** THE DATA **
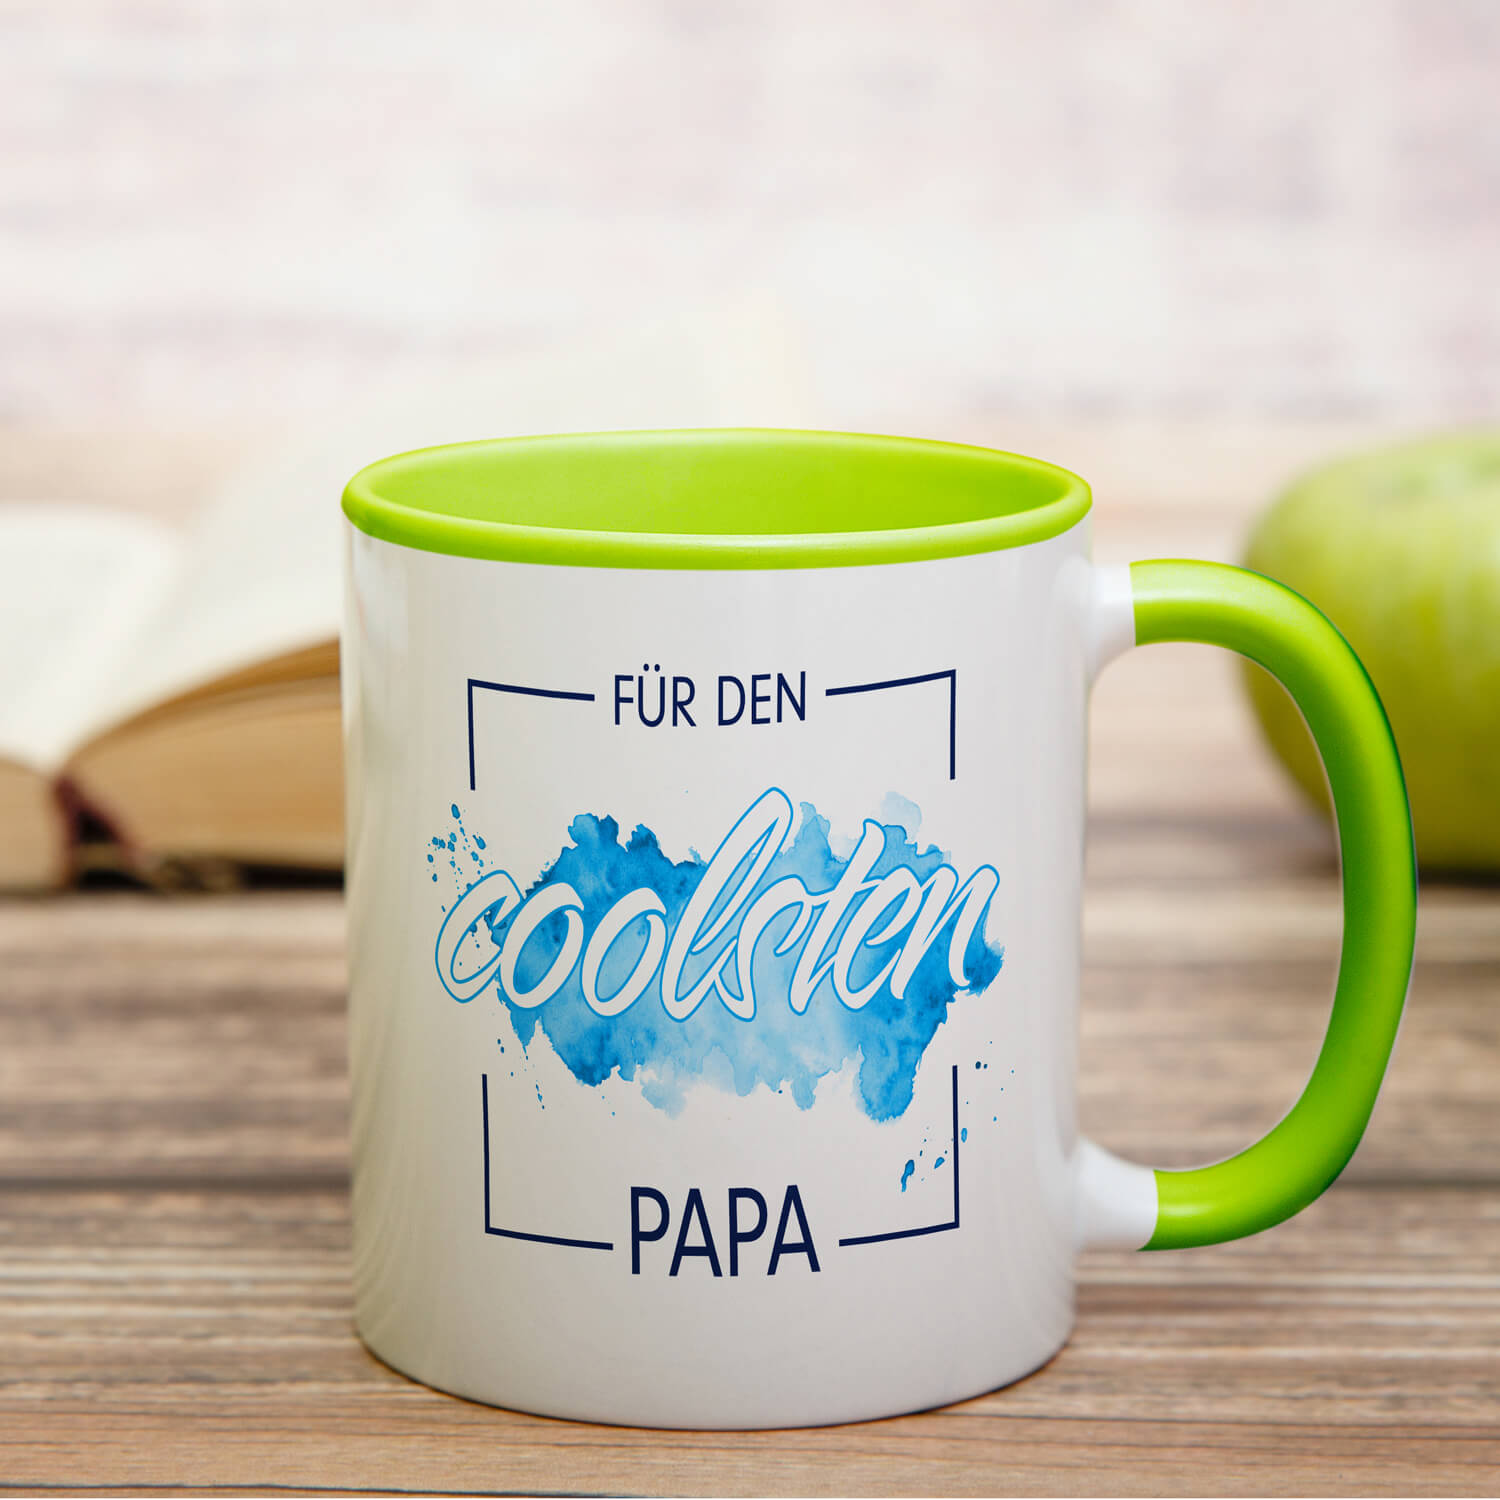 Tasse "Für den coolsten Papa"
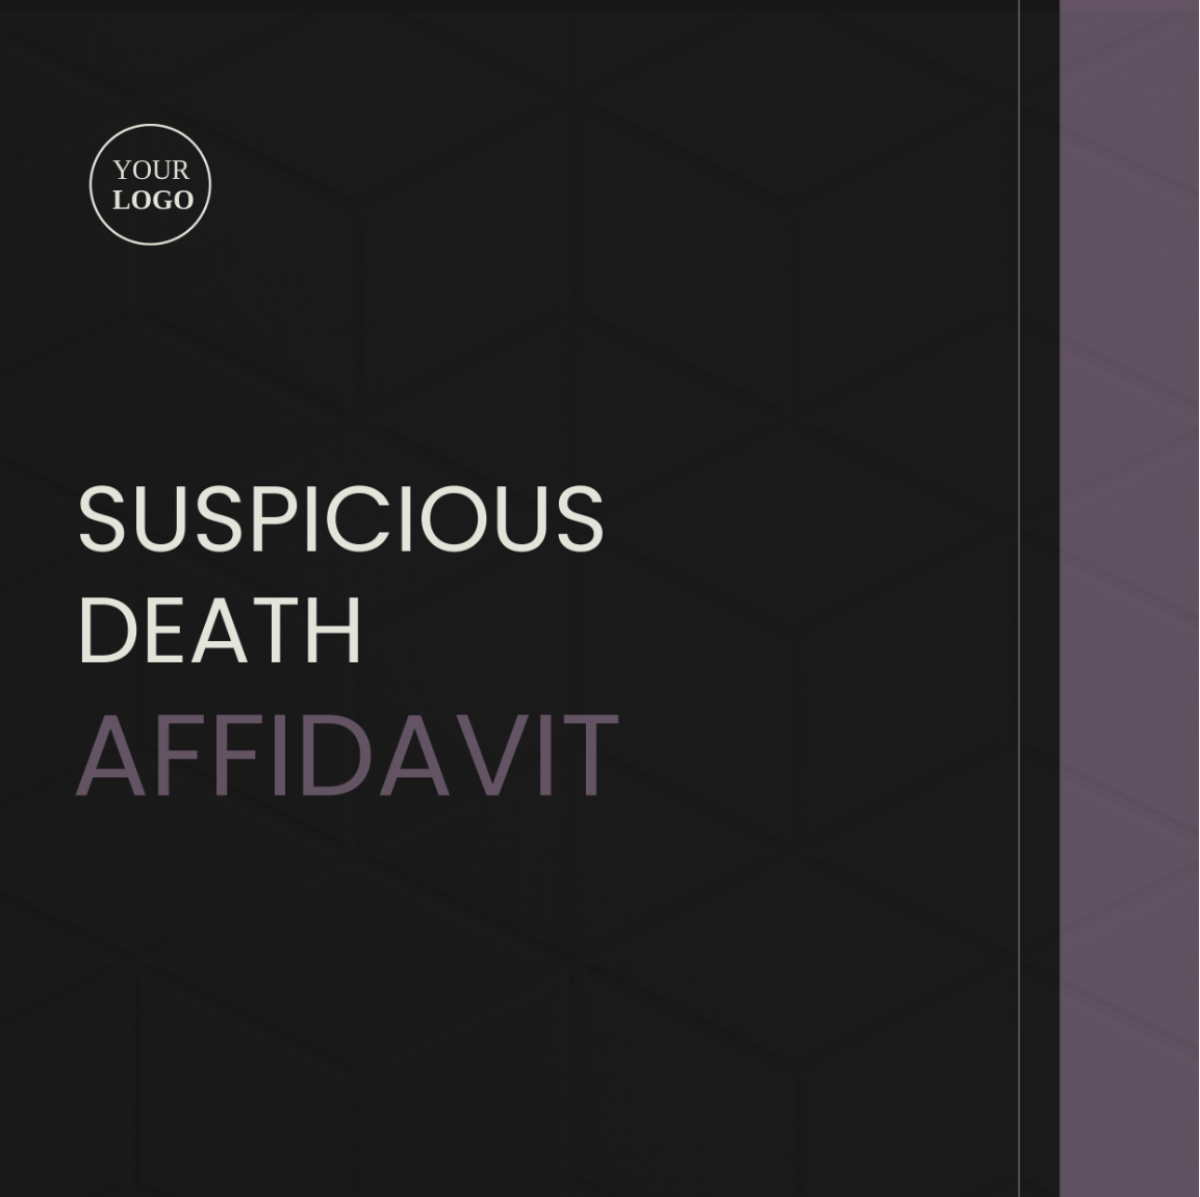 Suspicious Death Affidavit Template
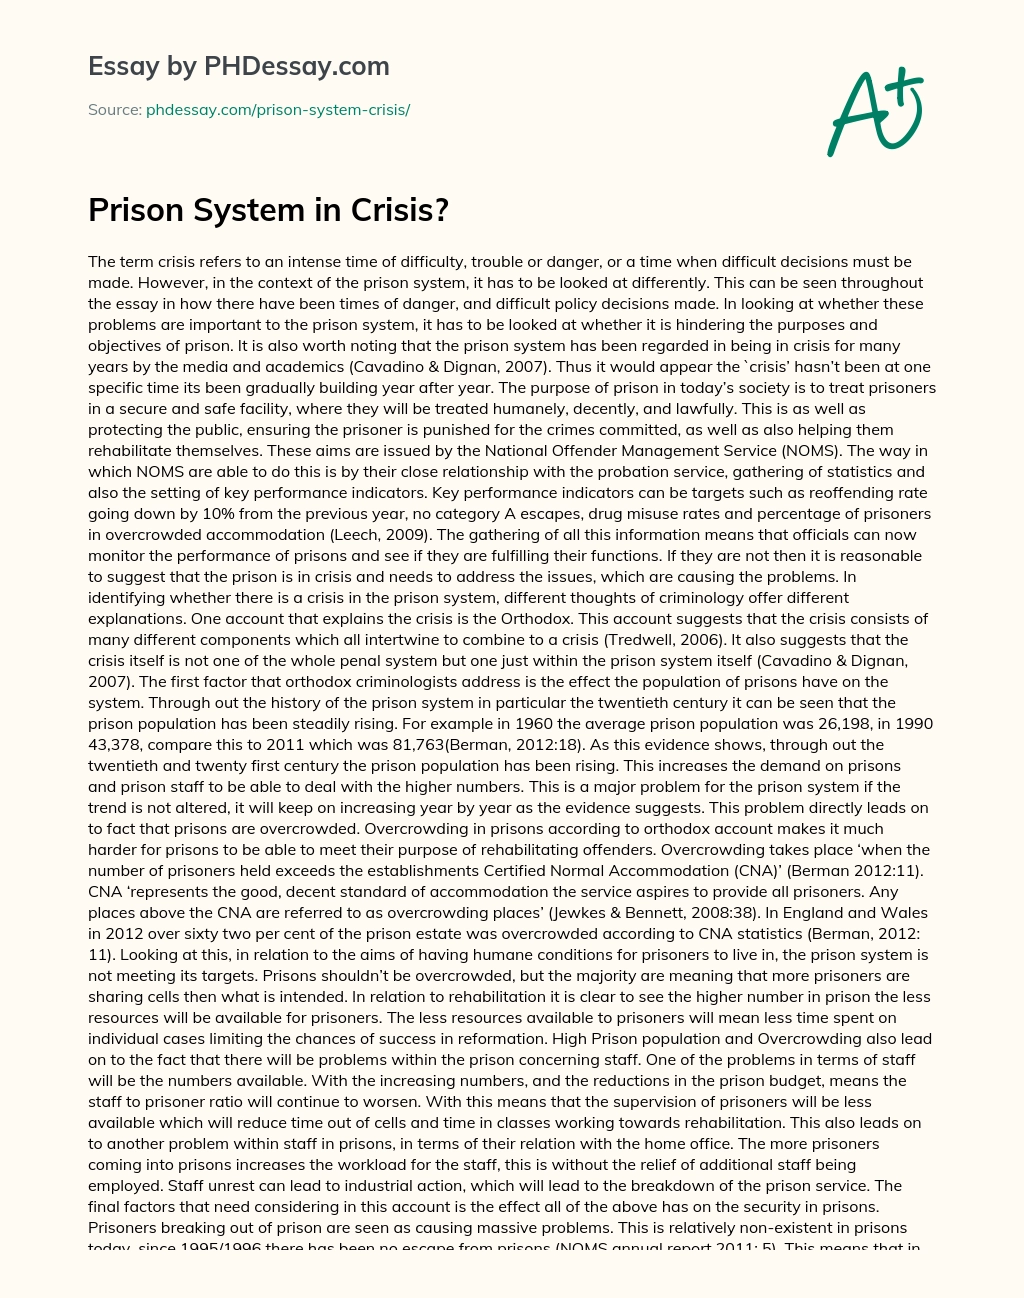 Are Prison System in Crisis? essay
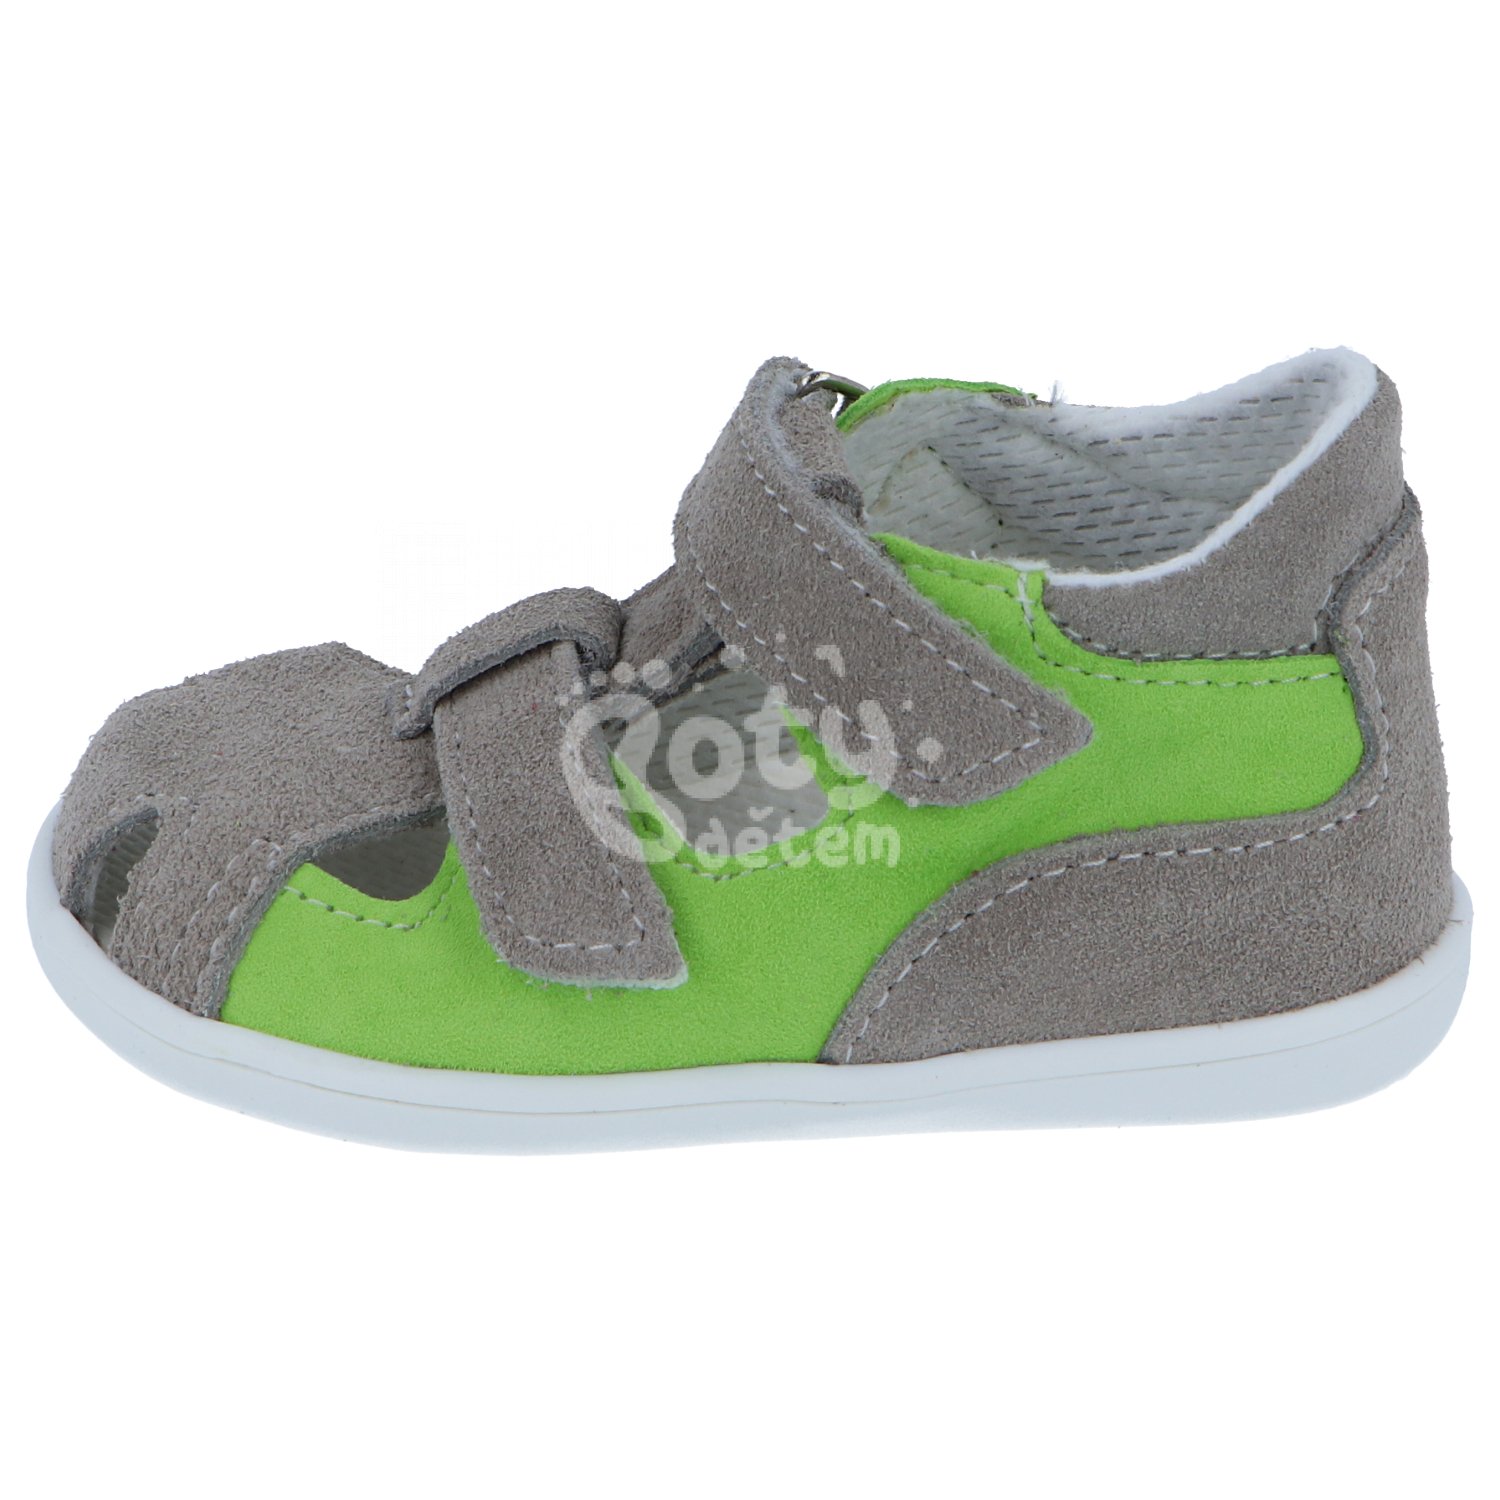 Jonap kožené sandálky 041 S šedá zelená

** WORK REQUEST **
What is needed is an exact transcription of the lines from the one holding "Suspicious Death Affidavit Template" to the end of the data, with every picture left out.

** WRITTEN SOLUTION **
 Suspicious Death Affidavit Template
 Are Prison System in Crisis? essay
 Jonap kožené sandálky 041 S šedá zelená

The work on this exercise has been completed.